● **What to work on**
Scan the entries below and give the number of lines containing "Song", with no accompanying words.

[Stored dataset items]
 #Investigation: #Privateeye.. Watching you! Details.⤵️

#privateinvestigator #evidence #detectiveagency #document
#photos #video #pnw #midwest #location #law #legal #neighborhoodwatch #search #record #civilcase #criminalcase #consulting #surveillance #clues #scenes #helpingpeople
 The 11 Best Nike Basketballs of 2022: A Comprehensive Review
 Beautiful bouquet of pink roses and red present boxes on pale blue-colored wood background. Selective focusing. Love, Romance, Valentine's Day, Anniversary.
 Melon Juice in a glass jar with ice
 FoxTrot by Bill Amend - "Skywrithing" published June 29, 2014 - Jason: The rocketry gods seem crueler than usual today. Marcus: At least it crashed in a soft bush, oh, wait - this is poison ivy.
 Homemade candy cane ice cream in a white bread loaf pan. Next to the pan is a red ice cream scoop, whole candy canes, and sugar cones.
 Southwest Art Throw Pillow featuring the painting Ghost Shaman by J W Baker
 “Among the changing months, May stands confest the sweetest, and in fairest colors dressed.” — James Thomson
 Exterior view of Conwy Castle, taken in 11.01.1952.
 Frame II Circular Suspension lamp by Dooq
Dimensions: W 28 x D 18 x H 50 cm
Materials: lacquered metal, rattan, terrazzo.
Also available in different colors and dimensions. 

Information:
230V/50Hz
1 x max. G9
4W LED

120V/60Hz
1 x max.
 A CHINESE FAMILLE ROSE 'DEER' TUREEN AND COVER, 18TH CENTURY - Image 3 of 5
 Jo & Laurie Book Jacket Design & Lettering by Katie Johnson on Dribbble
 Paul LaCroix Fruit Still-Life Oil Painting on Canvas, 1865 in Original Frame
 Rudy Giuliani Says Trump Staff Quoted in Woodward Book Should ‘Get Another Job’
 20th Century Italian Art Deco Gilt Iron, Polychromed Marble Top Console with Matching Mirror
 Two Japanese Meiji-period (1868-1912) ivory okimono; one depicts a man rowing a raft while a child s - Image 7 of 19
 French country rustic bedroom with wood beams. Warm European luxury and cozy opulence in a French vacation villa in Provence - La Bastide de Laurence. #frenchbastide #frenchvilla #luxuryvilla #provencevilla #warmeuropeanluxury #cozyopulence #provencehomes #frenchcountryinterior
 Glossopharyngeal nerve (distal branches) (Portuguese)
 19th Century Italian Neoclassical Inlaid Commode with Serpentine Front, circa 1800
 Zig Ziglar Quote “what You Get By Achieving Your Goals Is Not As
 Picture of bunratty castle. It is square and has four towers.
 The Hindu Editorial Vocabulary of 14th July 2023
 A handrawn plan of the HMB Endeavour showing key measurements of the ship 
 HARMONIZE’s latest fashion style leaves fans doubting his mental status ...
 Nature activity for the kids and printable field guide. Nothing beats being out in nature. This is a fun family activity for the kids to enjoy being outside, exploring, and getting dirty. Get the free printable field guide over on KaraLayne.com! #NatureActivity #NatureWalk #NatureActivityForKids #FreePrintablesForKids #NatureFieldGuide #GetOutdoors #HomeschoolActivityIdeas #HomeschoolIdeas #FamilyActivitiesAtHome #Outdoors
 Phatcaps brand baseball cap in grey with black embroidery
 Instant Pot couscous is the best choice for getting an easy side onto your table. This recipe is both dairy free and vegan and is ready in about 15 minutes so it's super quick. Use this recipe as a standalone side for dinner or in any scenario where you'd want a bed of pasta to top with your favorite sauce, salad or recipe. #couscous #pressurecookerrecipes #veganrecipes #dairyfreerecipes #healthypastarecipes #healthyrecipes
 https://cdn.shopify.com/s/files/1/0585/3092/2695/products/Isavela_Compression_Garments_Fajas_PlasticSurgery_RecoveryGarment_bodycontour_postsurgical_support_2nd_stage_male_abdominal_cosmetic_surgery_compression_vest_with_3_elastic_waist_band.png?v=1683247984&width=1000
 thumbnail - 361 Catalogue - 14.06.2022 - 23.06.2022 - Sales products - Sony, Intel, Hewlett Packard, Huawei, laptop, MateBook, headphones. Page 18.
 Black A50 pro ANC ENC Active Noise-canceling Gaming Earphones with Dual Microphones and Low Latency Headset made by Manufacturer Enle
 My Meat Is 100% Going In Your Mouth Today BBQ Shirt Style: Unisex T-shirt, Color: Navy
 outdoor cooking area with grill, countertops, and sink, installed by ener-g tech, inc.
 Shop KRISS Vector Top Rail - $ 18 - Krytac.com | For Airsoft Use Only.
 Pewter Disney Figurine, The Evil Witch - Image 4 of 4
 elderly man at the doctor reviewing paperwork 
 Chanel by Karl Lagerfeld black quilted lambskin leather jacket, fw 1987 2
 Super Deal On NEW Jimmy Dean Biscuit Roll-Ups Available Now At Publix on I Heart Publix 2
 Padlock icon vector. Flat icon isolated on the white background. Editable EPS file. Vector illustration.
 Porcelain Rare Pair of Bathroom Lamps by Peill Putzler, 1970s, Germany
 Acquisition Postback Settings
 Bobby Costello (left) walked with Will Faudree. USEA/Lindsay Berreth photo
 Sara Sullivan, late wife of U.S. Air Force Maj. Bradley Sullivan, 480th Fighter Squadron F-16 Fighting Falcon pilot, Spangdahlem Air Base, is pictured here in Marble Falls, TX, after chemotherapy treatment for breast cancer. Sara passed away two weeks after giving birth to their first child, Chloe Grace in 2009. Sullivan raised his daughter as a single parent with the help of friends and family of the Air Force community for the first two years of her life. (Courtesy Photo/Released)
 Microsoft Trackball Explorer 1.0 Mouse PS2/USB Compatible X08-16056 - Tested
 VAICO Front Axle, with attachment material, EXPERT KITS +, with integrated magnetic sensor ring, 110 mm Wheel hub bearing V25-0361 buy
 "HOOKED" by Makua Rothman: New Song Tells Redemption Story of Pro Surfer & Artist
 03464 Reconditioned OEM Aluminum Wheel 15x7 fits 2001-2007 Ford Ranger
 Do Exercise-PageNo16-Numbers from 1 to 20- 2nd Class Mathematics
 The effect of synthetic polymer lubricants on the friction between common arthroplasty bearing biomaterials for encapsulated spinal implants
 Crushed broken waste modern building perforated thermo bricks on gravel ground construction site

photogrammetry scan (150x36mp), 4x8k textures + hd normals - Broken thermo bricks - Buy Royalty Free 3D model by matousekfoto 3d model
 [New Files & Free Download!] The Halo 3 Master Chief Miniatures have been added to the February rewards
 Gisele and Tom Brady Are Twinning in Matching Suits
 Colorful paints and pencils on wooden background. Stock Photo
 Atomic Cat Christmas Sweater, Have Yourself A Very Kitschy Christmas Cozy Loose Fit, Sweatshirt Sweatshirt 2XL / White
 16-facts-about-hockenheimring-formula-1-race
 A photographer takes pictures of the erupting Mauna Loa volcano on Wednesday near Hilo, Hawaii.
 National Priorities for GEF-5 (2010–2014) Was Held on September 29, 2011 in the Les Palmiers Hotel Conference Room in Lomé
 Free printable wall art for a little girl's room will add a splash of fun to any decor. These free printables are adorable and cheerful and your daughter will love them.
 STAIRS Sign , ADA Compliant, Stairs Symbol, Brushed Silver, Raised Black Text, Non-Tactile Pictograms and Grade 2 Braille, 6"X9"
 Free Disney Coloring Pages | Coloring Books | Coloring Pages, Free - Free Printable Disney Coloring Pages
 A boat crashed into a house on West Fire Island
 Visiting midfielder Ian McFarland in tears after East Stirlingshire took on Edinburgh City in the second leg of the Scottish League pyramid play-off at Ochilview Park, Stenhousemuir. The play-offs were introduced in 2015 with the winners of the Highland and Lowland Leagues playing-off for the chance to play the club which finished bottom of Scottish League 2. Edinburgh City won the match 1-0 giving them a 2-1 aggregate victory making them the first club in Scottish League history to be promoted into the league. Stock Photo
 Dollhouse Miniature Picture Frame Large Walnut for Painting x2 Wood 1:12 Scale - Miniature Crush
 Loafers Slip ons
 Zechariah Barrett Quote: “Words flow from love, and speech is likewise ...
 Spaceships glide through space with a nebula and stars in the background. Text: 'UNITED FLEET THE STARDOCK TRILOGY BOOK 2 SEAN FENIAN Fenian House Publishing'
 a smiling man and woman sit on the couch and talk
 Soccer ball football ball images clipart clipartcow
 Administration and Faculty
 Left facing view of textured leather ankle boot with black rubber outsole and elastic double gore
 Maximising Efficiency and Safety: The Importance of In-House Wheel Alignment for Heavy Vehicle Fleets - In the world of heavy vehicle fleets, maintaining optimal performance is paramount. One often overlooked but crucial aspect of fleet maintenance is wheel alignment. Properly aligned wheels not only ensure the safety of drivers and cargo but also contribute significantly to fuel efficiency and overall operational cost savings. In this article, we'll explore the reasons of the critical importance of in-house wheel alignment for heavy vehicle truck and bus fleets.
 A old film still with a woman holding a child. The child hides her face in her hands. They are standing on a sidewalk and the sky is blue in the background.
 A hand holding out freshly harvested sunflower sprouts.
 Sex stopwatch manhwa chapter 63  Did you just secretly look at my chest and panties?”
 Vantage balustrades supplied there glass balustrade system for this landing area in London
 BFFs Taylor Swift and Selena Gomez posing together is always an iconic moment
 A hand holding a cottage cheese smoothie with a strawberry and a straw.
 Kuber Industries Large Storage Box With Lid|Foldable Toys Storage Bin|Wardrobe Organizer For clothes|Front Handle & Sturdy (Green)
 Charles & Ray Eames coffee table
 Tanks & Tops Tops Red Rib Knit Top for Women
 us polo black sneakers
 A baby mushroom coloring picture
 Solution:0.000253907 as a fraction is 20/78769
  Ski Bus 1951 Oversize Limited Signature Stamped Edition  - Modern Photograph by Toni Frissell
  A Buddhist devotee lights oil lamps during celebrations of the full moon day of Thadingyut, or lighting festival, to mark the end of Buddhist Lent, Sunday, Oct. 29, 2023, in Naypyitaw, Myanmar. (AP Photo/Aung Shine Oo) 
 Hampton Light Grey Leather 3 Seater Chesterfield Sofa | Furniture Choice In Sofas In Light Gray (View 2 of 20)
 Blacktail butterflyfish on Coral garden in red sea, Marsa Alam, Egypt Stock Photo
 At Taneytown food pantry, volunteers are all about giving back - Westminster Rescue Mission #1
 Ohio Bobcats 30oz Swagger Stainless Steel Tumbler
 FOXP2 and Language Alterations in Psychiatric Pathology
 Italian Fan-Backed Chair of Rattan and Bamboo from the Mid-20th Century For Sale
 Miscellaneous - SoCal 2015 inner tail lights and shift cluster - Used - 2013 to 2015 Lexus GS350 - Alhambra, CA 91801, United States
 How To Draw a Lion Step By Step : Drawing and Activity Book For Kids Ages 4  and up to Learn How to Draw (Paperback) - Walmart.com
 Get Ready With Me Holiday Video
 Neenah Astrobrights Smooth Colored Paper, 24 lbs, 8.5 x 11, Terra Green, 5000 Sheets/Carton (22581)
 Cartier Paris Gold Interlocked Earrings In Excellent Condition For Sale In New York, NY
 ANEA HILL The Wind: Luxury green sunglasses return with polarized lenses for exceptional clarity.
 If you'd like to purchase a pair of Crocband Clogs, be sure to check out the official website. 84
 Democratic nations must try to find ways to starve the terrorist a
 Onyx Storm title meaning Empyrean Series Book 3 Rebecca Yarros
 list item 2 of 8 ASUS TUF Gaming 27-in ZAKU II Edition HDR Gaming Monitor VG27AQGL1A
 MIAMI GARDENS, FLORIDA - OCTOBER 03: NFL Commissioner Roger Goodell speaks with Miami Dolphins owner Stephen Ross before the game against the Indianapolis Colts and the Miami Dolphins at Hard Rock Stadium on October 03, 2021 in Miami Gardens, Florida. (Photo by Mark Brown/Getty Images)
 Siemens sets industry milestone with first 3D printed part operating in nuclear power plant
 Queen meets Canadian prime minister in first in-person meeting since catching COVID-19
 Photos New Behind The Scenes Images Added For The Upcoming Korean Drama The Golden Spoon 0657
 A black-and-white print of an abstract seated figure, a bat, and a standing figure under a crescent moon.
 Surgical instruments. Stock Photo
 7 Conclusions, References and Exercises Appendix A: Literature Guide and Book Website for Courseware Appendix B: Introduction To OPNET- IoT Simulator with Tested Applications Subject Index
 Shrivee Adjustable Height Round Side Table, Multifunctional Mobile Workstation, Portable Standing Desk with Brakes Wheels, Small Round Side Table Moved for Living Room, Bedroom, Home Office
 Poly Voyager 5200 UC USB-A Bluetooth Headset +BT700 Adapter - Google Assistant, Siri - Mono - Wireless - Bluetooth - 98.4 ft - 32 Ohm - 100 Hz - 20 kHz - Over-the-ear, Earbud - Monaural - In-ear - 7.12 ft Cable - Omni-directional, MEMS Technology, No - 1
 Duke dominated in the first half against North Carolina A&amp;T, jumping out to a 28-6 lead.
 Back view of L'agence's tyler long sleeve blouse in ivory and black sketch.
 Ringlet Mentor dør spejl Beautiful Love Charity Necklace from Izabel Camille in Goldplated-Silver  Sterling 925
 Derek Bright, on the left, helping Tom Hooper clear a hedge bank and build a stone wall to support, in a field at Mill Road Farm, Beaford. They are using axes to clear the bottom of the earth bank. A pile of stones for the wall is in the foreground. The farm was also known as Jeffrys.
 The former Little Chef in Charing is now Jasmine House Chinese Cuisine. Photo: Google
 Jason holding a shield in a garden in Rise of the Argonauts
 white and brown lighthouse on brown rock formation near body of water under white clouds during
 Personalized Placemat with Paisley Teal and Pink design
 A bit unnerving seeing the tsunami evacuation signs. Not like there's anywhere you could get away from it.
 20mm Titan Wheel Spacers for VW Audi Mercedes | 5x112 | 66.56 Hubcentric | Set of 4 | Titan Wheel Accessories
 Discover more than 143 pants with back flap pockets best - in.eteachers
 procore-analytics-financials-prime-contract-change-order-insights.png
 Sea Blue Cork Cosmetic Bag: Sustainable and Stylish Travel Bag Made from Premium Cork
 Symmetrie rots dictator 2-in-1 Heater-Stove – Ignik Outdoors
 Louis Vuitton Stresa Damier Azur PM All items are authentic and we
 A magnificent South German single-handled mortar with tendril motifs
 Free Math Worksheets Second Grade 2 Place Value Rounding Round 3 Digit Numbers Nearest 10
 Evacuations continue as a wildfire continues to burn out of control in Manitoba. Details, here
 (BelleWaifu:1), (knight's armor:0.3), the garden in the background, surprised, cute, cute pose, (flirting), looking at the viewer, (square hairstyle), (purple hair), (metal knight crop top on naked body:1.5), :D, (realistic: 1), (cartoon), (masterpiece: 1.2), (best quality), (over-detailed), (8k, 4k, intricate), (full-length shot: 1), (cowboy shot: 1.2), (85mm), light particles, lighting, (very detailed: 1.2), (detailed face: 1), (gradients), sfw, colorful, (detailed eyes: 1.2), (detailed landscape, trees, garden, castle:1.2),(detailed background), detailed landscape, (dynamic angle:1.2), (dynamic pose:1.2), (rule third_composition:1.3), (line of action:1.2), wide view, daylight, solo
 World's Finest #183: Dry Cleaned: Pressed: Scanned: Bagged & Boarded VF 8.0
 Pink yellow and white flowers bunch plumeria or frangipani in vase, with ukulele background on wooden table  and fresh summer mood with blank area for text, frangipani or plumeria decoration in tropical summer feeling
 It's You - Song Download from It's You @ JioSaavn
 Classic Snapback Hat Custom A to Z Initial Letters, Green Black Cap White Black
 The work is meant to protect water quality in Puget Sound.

● **Written answer**
2